Anthropic-Compatible API
Orka exposes an Anthropic-compatible Messages API at /anthropic/v1/messages, enabling Anthropic-compatible clients (Claude Code, etc.) to use Orka as a transparent proxy.
Orka acts as a proxy to whichever LLM provider is configured in your cluster, with credentials managed securely via Kubernetes Secrets and Provider CRDs. See also OpenAI Compatibility for the OpenAI-compatible proxy.
Endpoints
| Method | Path | Description |
|---|---|---|
POST | /anthropic/v1/messages | Create a message (streaming & non-streaming) |
GET | /anthropic/v1/models | List available models from configured providers |
PR-blocking live CI exercises this API directly against a live Claude-family backend by checking /anthropic/v1/models and both non-streaming and streaming /anthropic/v1/messages requests. Those live checks keep the default Orka tool-loop behavior enabled unless a client explicitly sets X-Orka-Tools: disabled.
Authentication
Two authentication methods are supported:
x-api-key: <orka-token>— Anthropic convention (recommended for Anthropic clients)Authorization: Bearer <orka-token>— Standard Bearer token
Both use a Kubernetes ServiceAccount token as the value.
Model Name Format
The model field supports two formats:
provider/model— e.g.,anthropic/claude-sonnet-4-20250514. The part before/matches a Provider CRD name, and the part after is the model name sent to that provider.model— e.g.,claude-sonnet-4-20250514. Uses the default provider (from--chat-providerflag or a Provider CRD nameddefault).
Prerequisites
- Provider CRD configured in the cluster:
apiVersion: core.orka.ai/v1alpha1
kind: Provider
metadata:
name: anthropic
namespace: default
spec:
type: anthropic
secretRef:
name: anthropic-secret
key: api-key
defaultModel: claude-sonnet-4-20250514
- Secret with the API key:
apiVersion: v1
kind: Secret
metadata:
name: anthropic-secret
namespace: default
type: Opaque
stringData:
api-key: sk-ant-...
- ServiceAccount token for authentication:
# Create a service account
kubectl create serviceaccount orka-client
# Bind it to the orka viewer role (or a custom role)
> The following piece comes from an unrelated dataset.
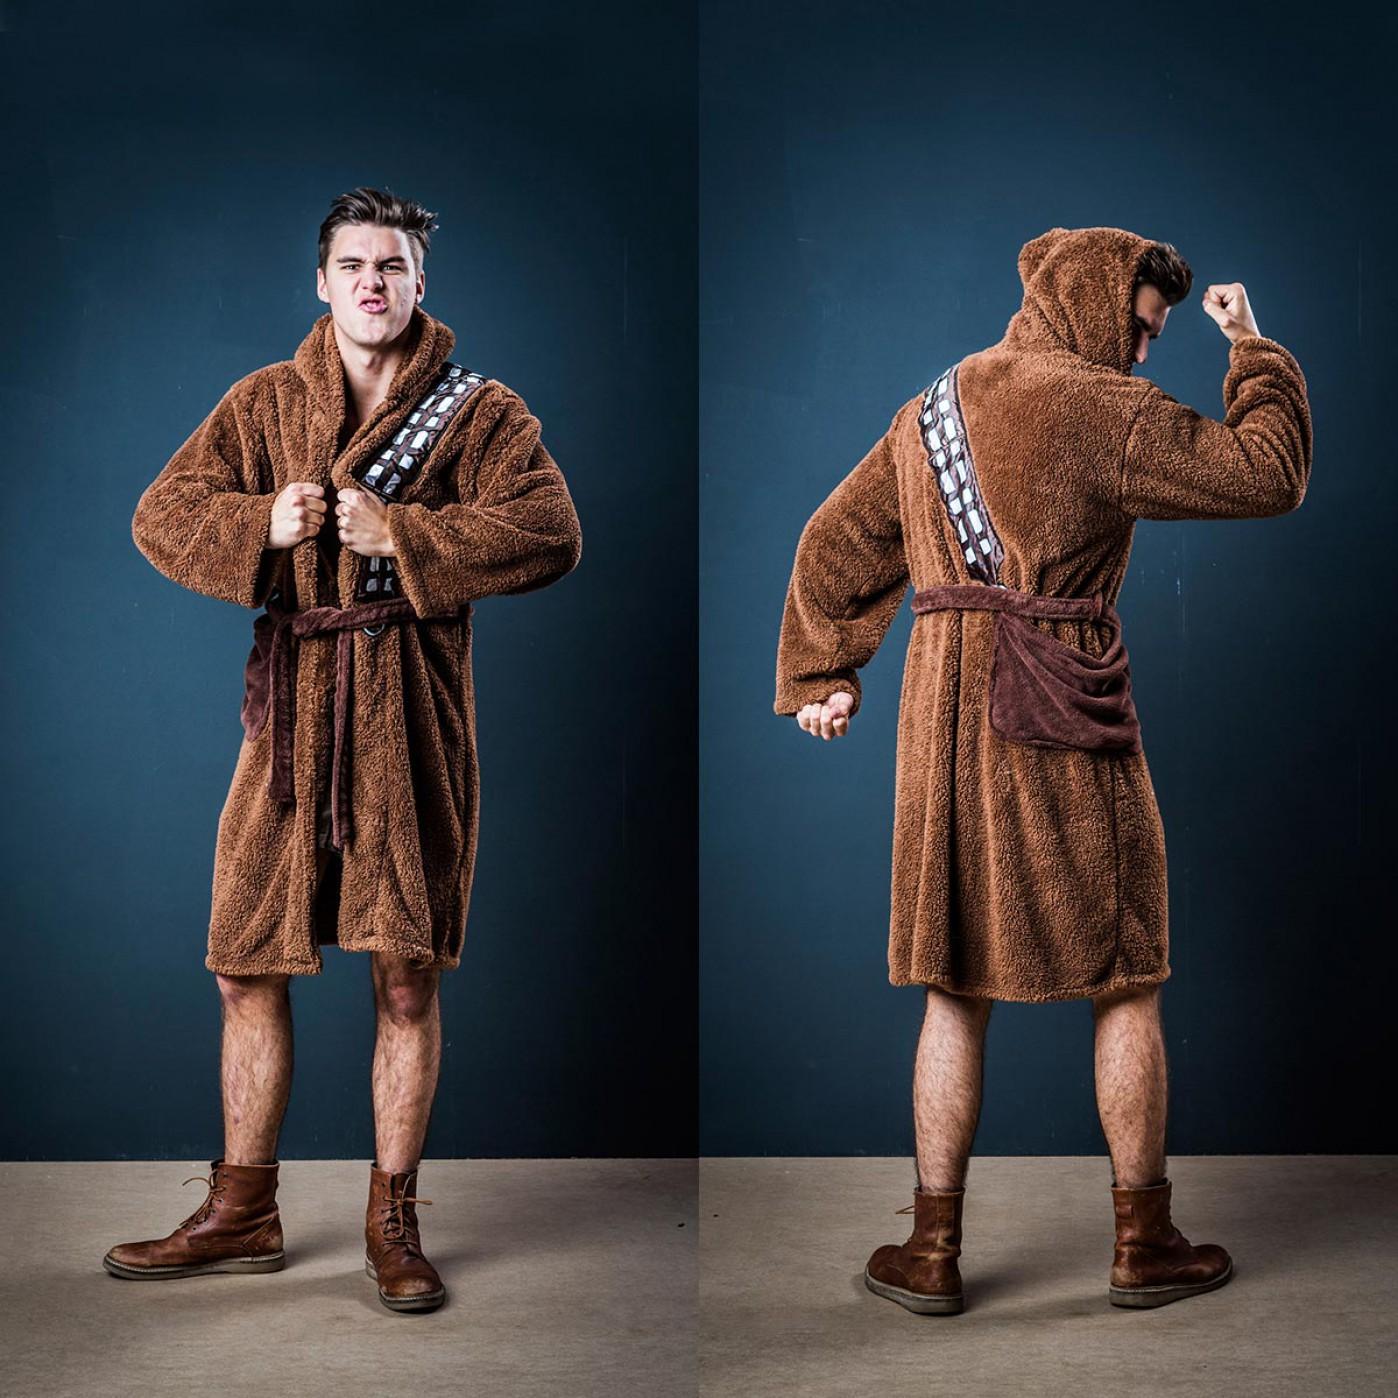 peignoir-star-wars-chewbacca-cadeaux-folies-site-cadeau-homme-geek-fan-de-cinema
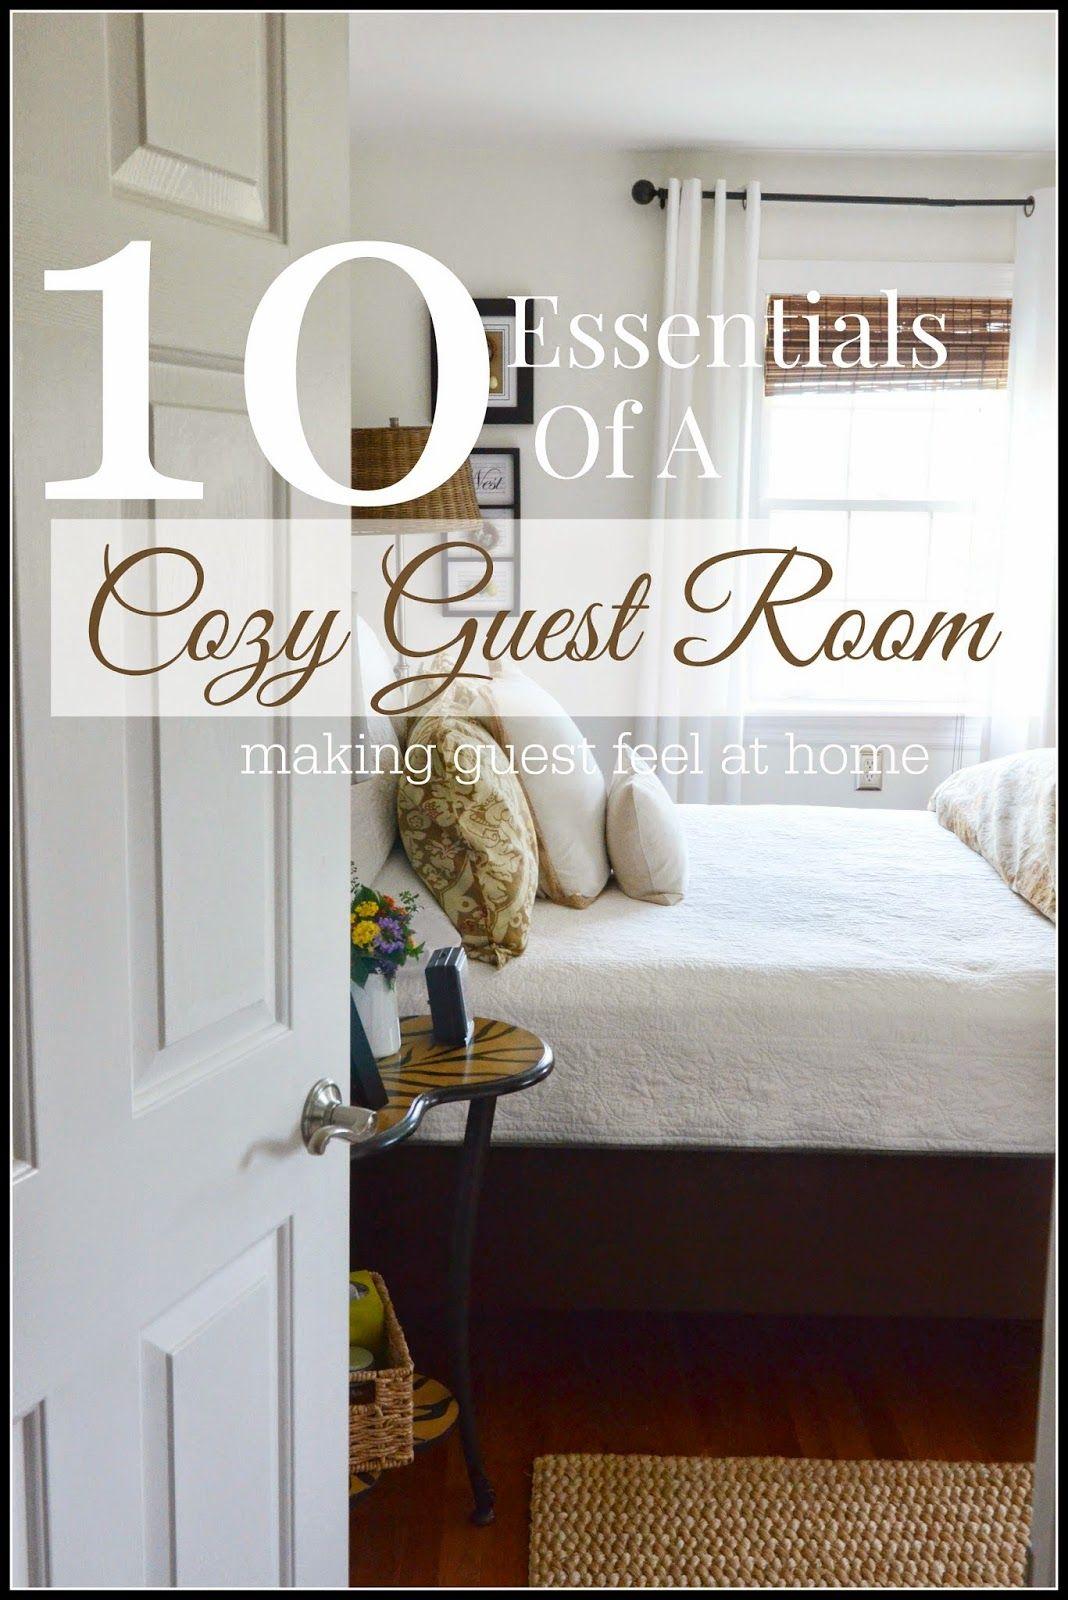 10 ESSENTIALS OF A COZY GUEST ROOM Design

kubectl create clusterrolebinding orka-client-binding \
--clusterrole=orka-task-viewer \
--serviceaccount=default:orka-client
# Get a token
export ORKA_TOKEN=$(kubectl create token orka-client)
Using with Claude Code
Configure Claude Code to route all API calls through Orka:
export ANTHROPIC_BASE_URL=https://orka.example.com/anthropic
export ANTHROPIC_API_KEY=$(kubectl create token orka-client)
# Claude Code will now route all API calls through Orka
Using with curl
Non-streaming
curl -X POST https://orka.example.com/anthropic/v1/messages \
-H "x-api-key: $ORKA_TOKEN" \
-H "Content-Type: application/json" \
-H "anthropic-version: 2023-06-01" \
-d '{
"model": "anthropic/claude-sonnet-4-20250514",
"max_tokens": 1024,
"messages": [{"role": "user", "content": "Hello!"}]
}'
Streaming
curl -X POST https://orka.example.com/anthropic/v1/messages \
-H "x-api-key: $ORKA_TOKEN" \
-H "Content-Type: application/json" \
-H "anthropic-version: 2023-06-01" \
-d '{
"model": "anthropic/claude-sonnet-4-20250514",
"max_tokens": 1024,
"messages": [{"role": "user", "content": "Hello!"}],
"stream": true
}'
List models
curl https://orka.example.com/anthropic/v1/models \
-H "x-api-key: $ORKA_TOKEN"
Supported Features
| Feature | Supported |
|---|---|
| Messages API | Yes |
| Streaming (SSE) | Yes |
| Tool use (function calling) | Yes |
Extended thinking (thinking content blocks with budget_tokens) | Yes |
| System messages (string format) | Yes |
| System messages (content block array format) | Yes |
max_tokens | Yes |
temperature | Yes |
stop_sequences | Yes |
| Image inputs | Not yet |
| PDF inputs | Not supported |
Server-Side Tool Execution
By default, the Anthropic endpoint enables server-side tool execution — it injects Orka's built-in tools into the request and runs an autonomous tool loop. When the LLM returns tool_use content blocks, the proxy intercepts them, executes the tools, feeds results back to the LLM, and repeats until a final text response is produced. Clients never need to execute tools locally.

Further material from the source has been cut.